At the outset of these three days in history, America was in a bit of a pickle. We had declared war on Germany following the attack on Pearl Harbor by the Japanese, Axis allies with Hitler, but we were not ready immediately to tackle the German menace due to the need to respond to Japan first. June 4, 1942, the date of the opening of the Battle of Midway which we decisively won on June 7th, began the slow trek back for America’s military resurgence as we finally gained a defeat over the same fleet that had played havoc on Pearl Harbor. America needed a victory badly for morale, for the mighty industrial machinery was just churning in full gear to provide the muscle that our fighting men needed in the Pacific. Midway gave us the opportunity to begin going on the offensive and with it a future capability to focus on Germany as well. And we knew that Germany had to be taken on with force as well.
Following the victory at Midway, American forces began the push toward the mainland of Japan. It was bloody and brutal with names of places no one had ever heard of making headlines back home. Guadalcanal, Saipan, Iwo Jima and Okinawa were just a few of the places which became topics of household discussion in those days.
In Europe, we faced a different problem which required a very patient strategy. The early days of American combat were in North Africa and Italy. It was decided to strike at the major source of oil which the German war machine desperately needed and then begin a push north on the other side of the Mediterranean to neutralize and destroy Mussolini, Hitler’s Italian puppet. But once this was accomplished, the major issue of finding a way to successfully assault the German homeland became paramount.
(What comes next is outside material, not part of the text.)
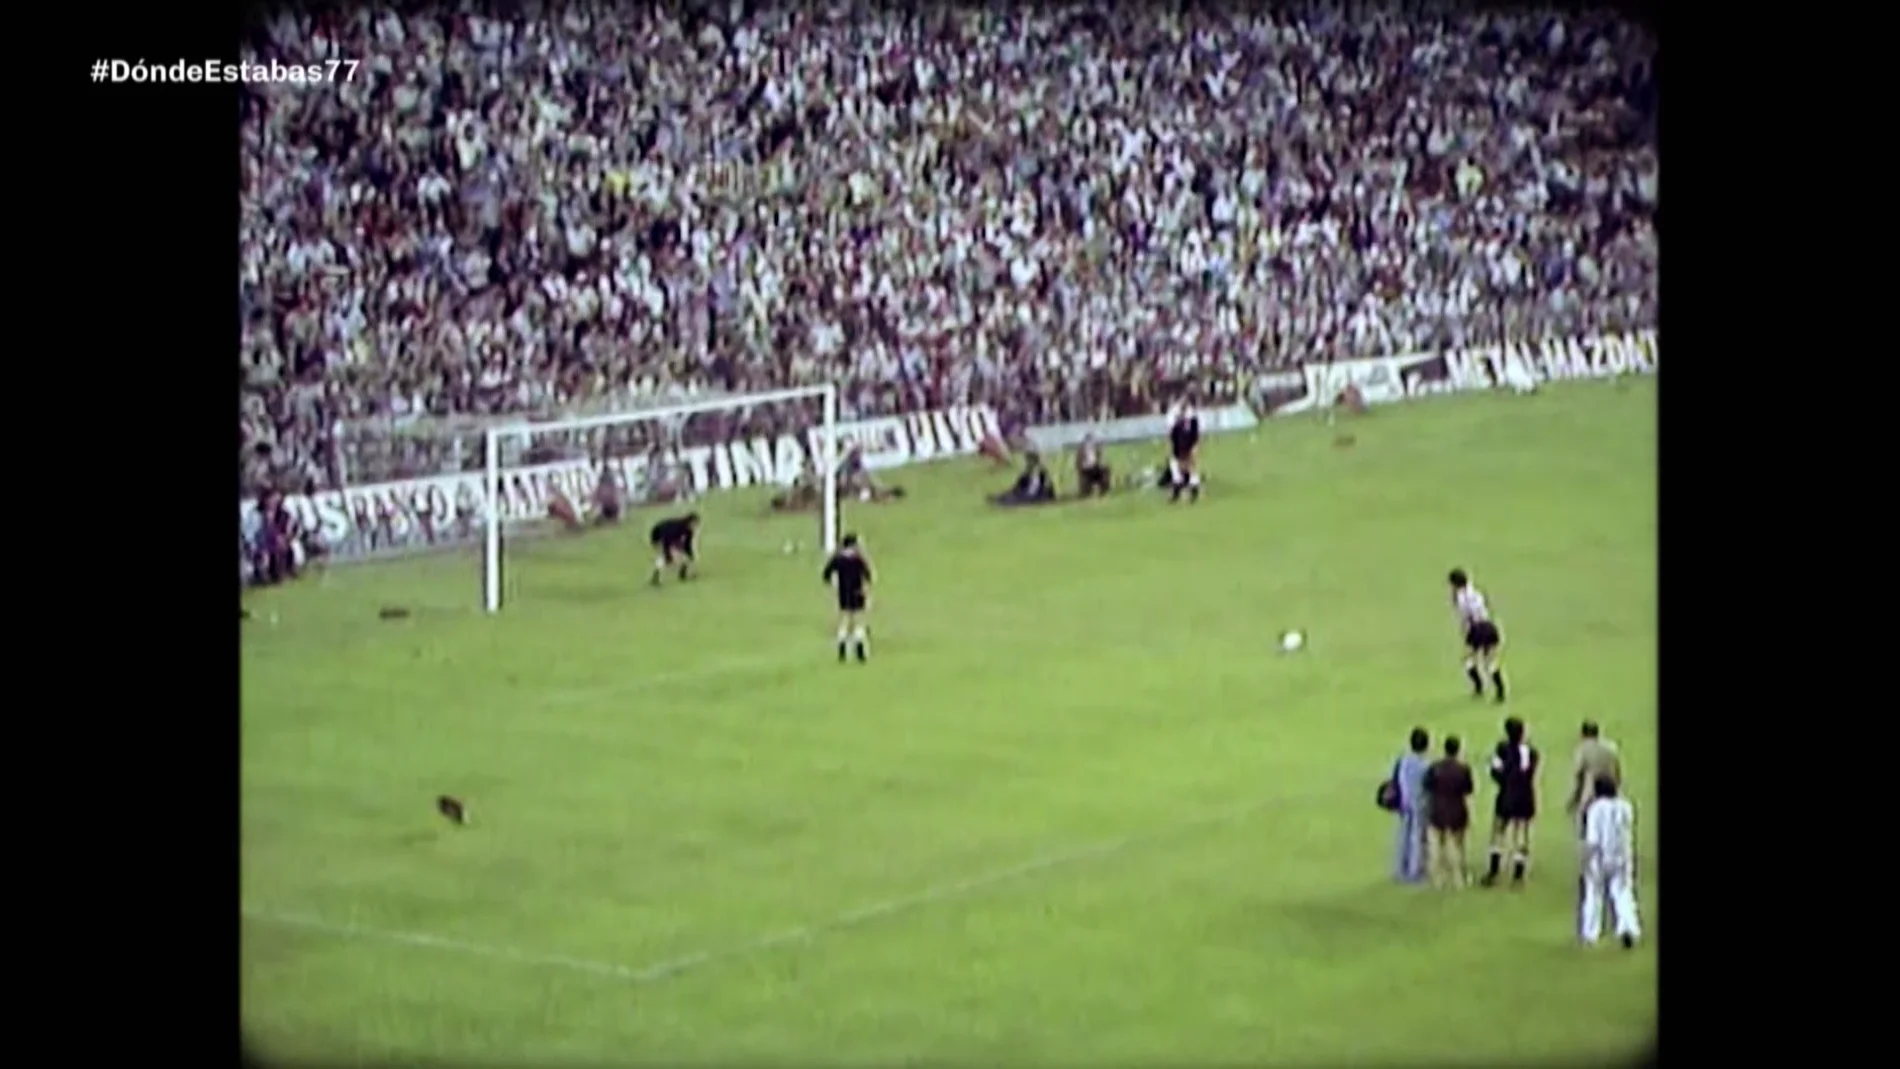 Copa del rey de 1977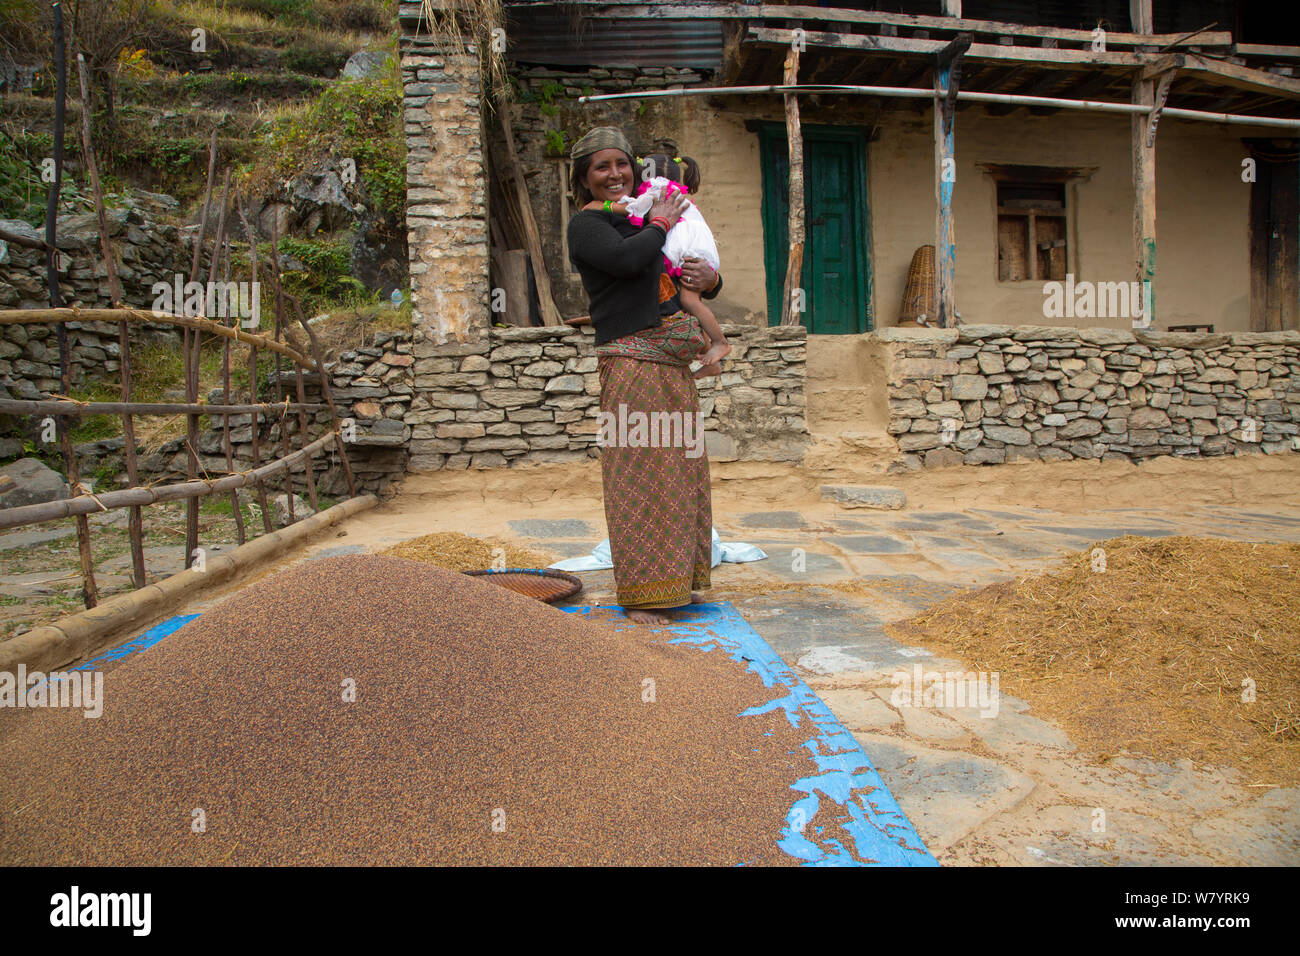 Madre e figlia tra il grano separato dalla pula, nei pressi del villaggio di montagna di Ghandruk, Modi Khola Valley, Himalaya, Nepal. Novembre 2014. Foto Stock

Moving huge numbers of men and heavy equipment over the Alps from Italy into Germany would be suicide, yet the choice that was decided on was nearly as unrealistic. And this brings us to late May 1944.
The Allied forces had been planning a major invasion of Europe from Britain for several years. Under the leadership of General Dwight Eisenhower, the Supreme Commander of these forces, a huge contingent of American soldiers and British and Canadian allies would invade via an undisclosed location at an unknown date and time. But the Germans knew it was coming; they just didn’t know when or exactly where.
A major concealment effort was the creation of a dummy Army, complete with what looked like all kinds of equipment from the air, under the command of General George Patton. The Germans began to believe this was the “real deal” and assumed that a major thrust would be toward Calais. This stroke of genius played a major role in forcing the Germans to look away from Normandy, although the barriers, cliffs and many troop units remained nearby but placed on lower alert.
As the final days preparatory to the invasion began, American and British forces were maintained on alert, ready to go on short notice. Weather was an issue which caused delay and consternation for the troops, ready to go, but still not knowing when. When the order finally came, Airborne soldiers of the 101st Airborne, were first out on June 5th, tasked with jumping into Normandy inland of the coast and finding and destroying the “big guns” which Germany had trained on the coastline. They lost many before they even reached the ground, but those who made it safely into France did significant damage to the huge German howitzers. Had these guns remained operational the next day, many more casualties would have been inflicted on our troops and the ships carrying them across the English Channel. And luckily, the Germans weren't convinced that this was the main force; they thought it was a ruse. They still expected the main thrust to be farther east.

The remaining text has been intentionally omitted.